España
El poeta
Así era y así es. Escribe por las mañanas en un bar de sotanillo, bajo el oleaje oscuro de los camiones, escribe para convencerse o convencernos de que existe, cuando él existe tanto, cómo existe Pepe entre los demás, cómo existe aunque calle, cómo está cuando no está, qué jaleo de vino, versos, tacos, erudiciones y pecados deja su ausencia. Pero hay cosas que decir, cosas que pasan, y él es consciente de que las dice menos que antes, se siente culpable de no decirlas. Cuando la adolescencia fue una cárcel y la libertad una huida, siempre queda el vino malo de no haber dicho bastante, de que ahora otros crecen en la guerra para nada, huyen hacia los cementerios, muertos espontáneos.
¿De qué huye José Hierro? La gran ciudad es más ciudad cuando tiene a su poeta genial escribiendo en un barecillo de sótano, haciendo versos sobre un friso de pies que llevan el día a su éxtasis mediocre. Verlaine de tabaco negro, Juan Ramón de pan y queso, Rimbaud de orujo proletario. No es un poeta maldito. Es un bendito poeta en cuyo bigote de jubilado se acantila la espuma de una cerveza que no ha bebido. Pero el maldito está en los ojos, pequeñas hojas de oro, puntas de demonio de las afueras, su eterna prisa en alpargatas. ¿De qué huye José Hierro? Son las alpargatas las que tienen prisa.

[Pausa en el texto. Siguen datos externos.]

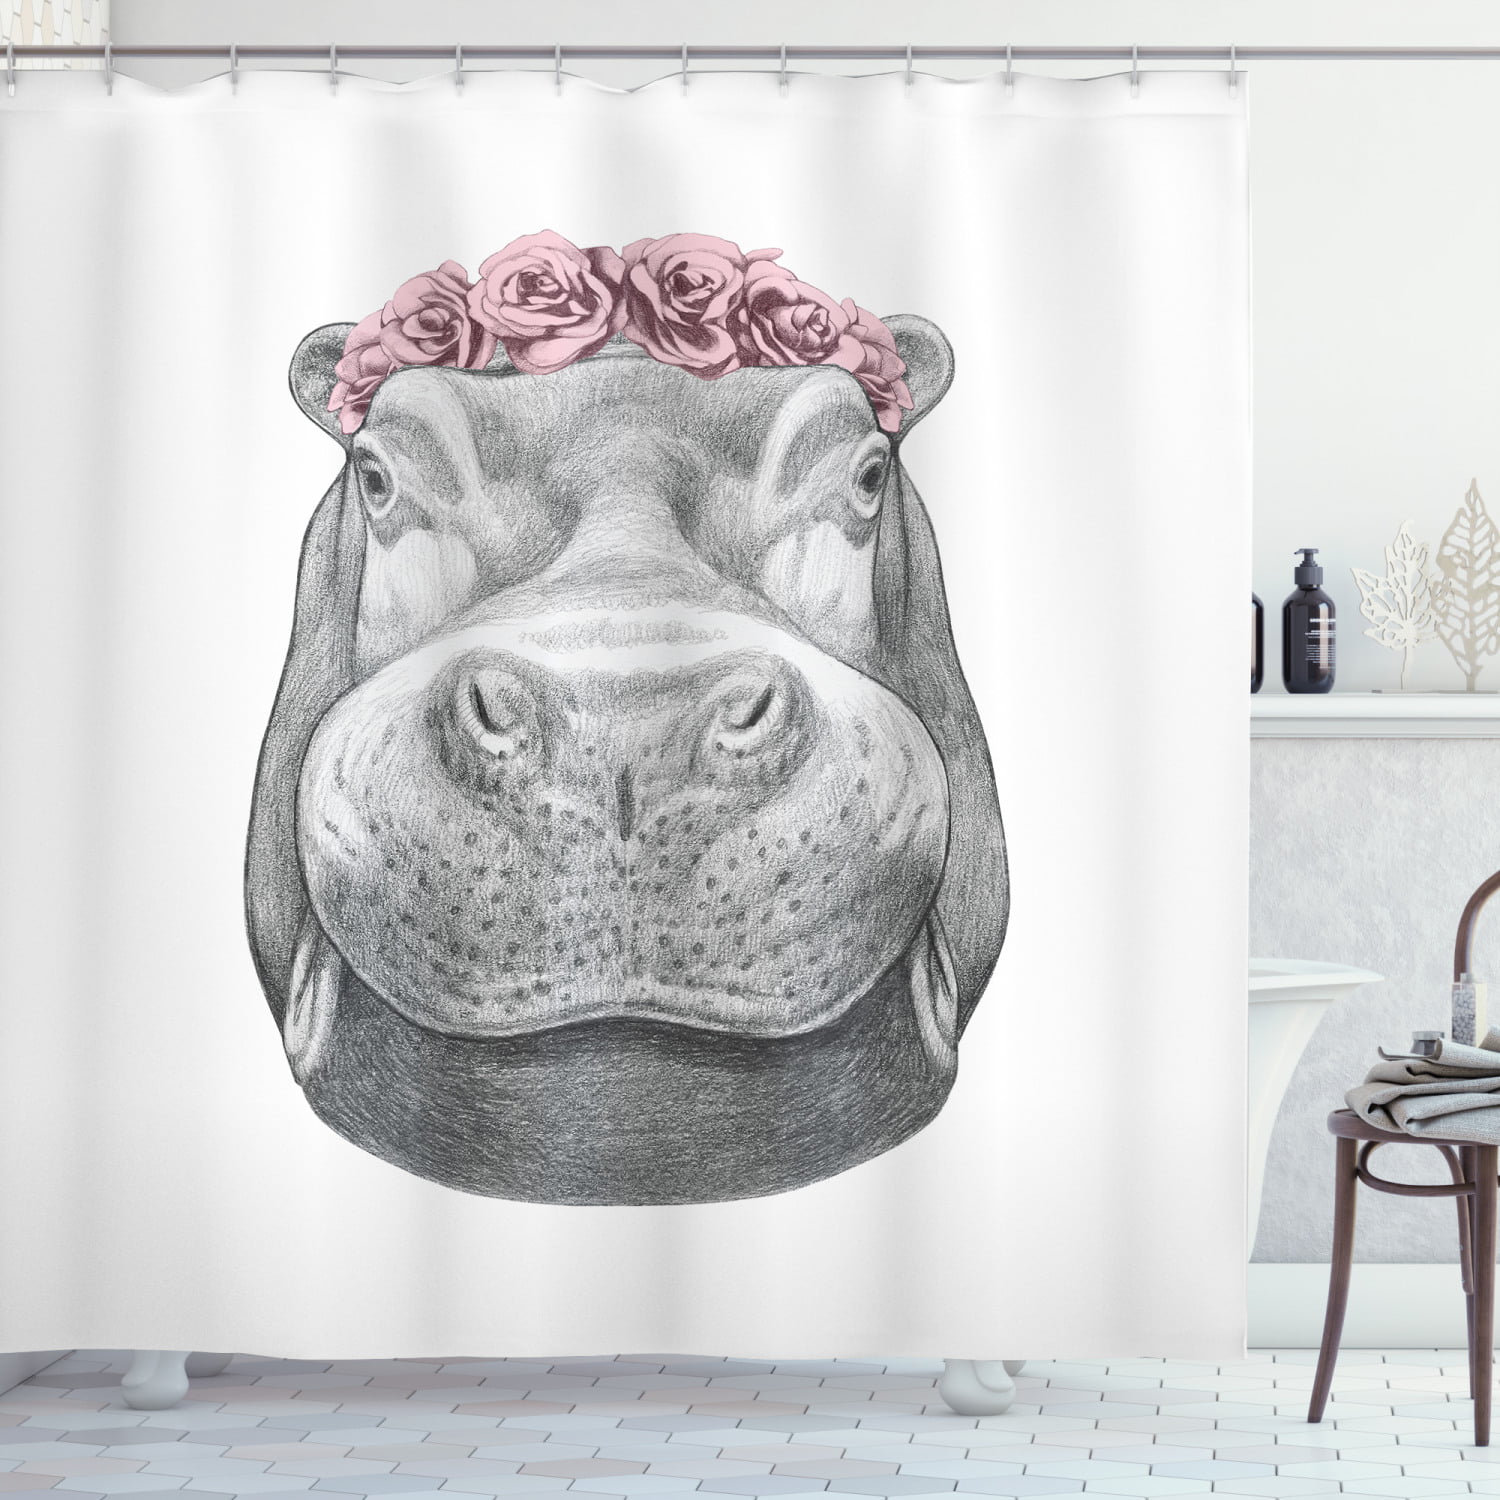 Water Resistant Fabric Hippo Shower Curtain Bathroom Liner Panel Decor 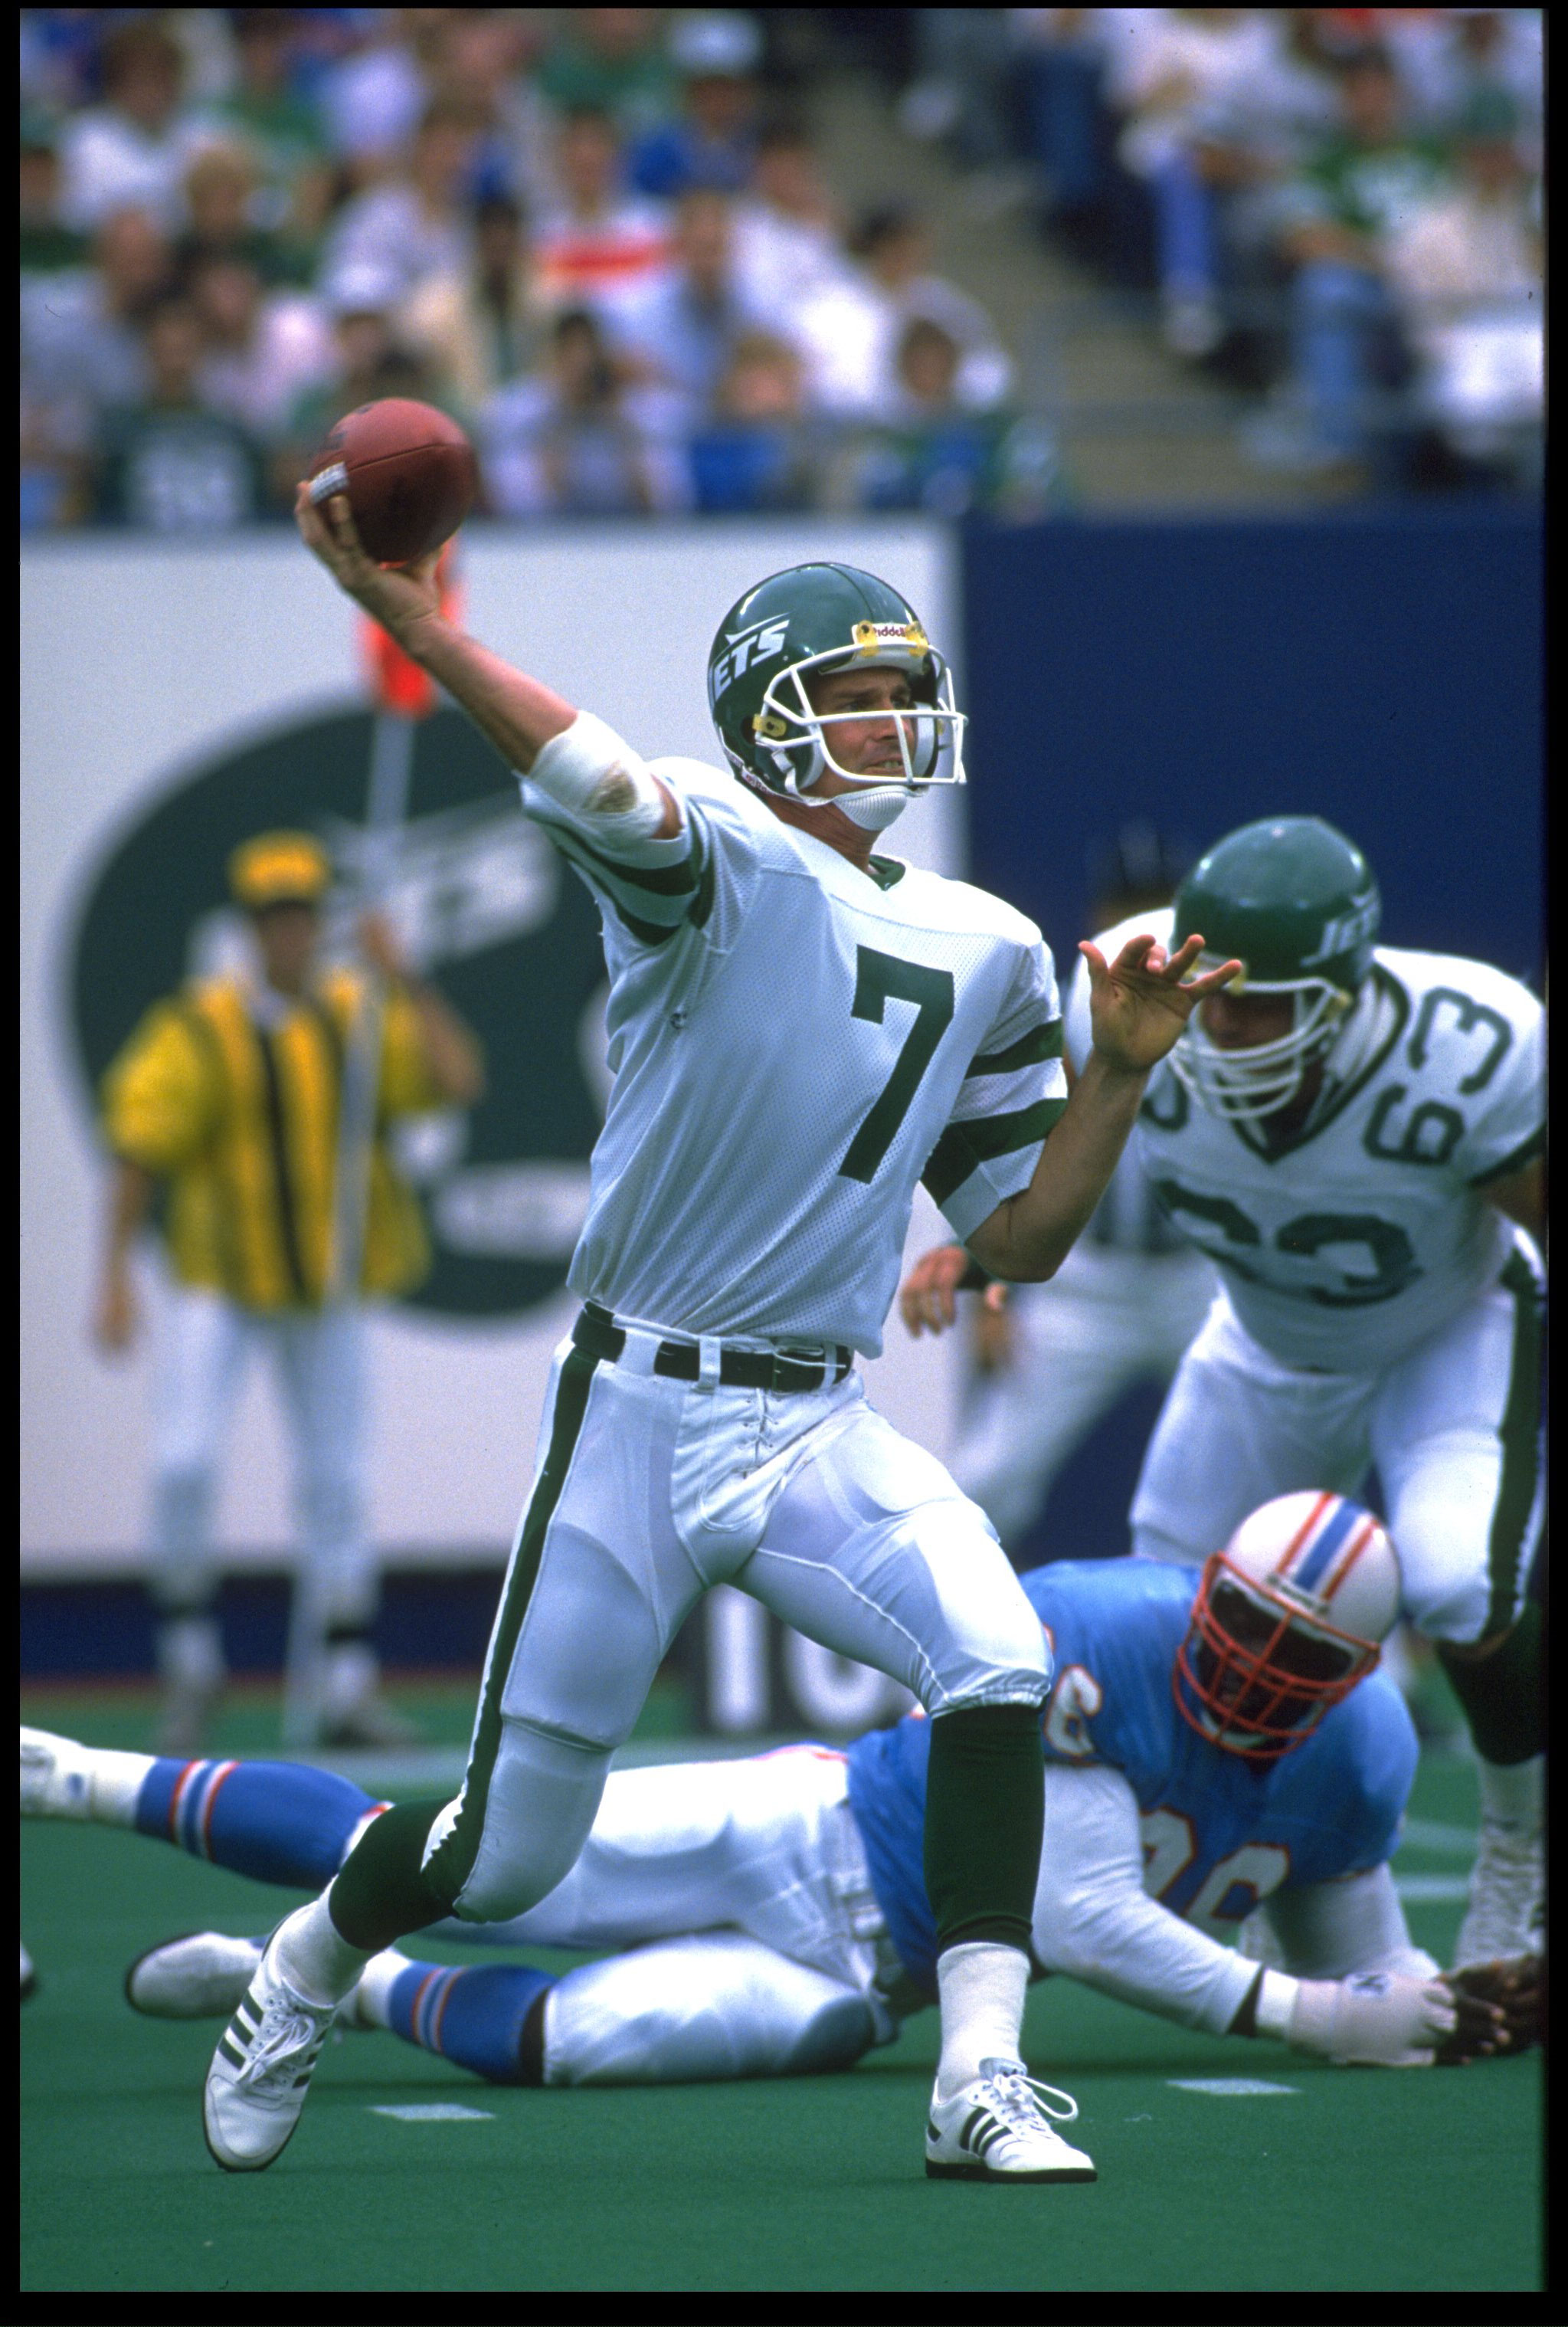 18 SEP 1988:  KEN O''BRIEN #7, QUARTERBACK OF THE NEW YORK JETS, FIRES A PASS DURING THEIR 45-3 ROMP OVER THE HOUSTON OILERS AT GIANTS STADIUM IN EAST RUTHERFORD, NEW JERSEY.  MANDATORY CREDIT:  RICK STEWART/ALLSPORT

Acacias de un oro pobre, hojas de acacia sus pequeños y vivísimos ojos, y un humor exquisito, de payaso dandy, de dandy con contrato/basura, como cuando hacía el pino en la redacción, cabeza abajo, antes de empezar la jornada. No sabemos nada de José Hierro, salvo la música, esa música como de un miliciano inspirado tocando en pianos de palacio en llamas. Todo lo que ha dicho asonante, que no es decirlo a medias ni callarlo, sino sugerirlo y dolerlo. El verso calla y la música sigue. Quién ha tenido música tan propia desde Rubén, quién ha tenido tan insistente piano vertical de pobre para contar una generación, quinta del 42, sujetando el dolor con una mano en el pecho y escribiendo con la otra.
Amamos a José Hierro, íntimo Pepe sin intimidad, que lleva la alegría como airón de su casco prusiano, esa alegría macho y estival que reparte en la copa de sus manos o en el cáliz latonero y purísimo de la fiesta. «Subía entonces a tu casa / la juventud...»
Quienes no bebemos en su copa, quienes no metemos la mano en su plato, en su llaga, jamás sabremos quién es Pepe Hierro. Mucho llamarle Pepe, pero siento que estoy viviendo con el poeta de mi tiempo (siempre lo supe) y se me escapa. Exiliado de un mar que tampoco era el suyo, a veces pasa el Cantábrico por su mirada. Cada vez es más música y menos voz. Cada día es más embriaguez y menos vino. Hierro es una genialidad de chinchón, humo áspero y verso de oro.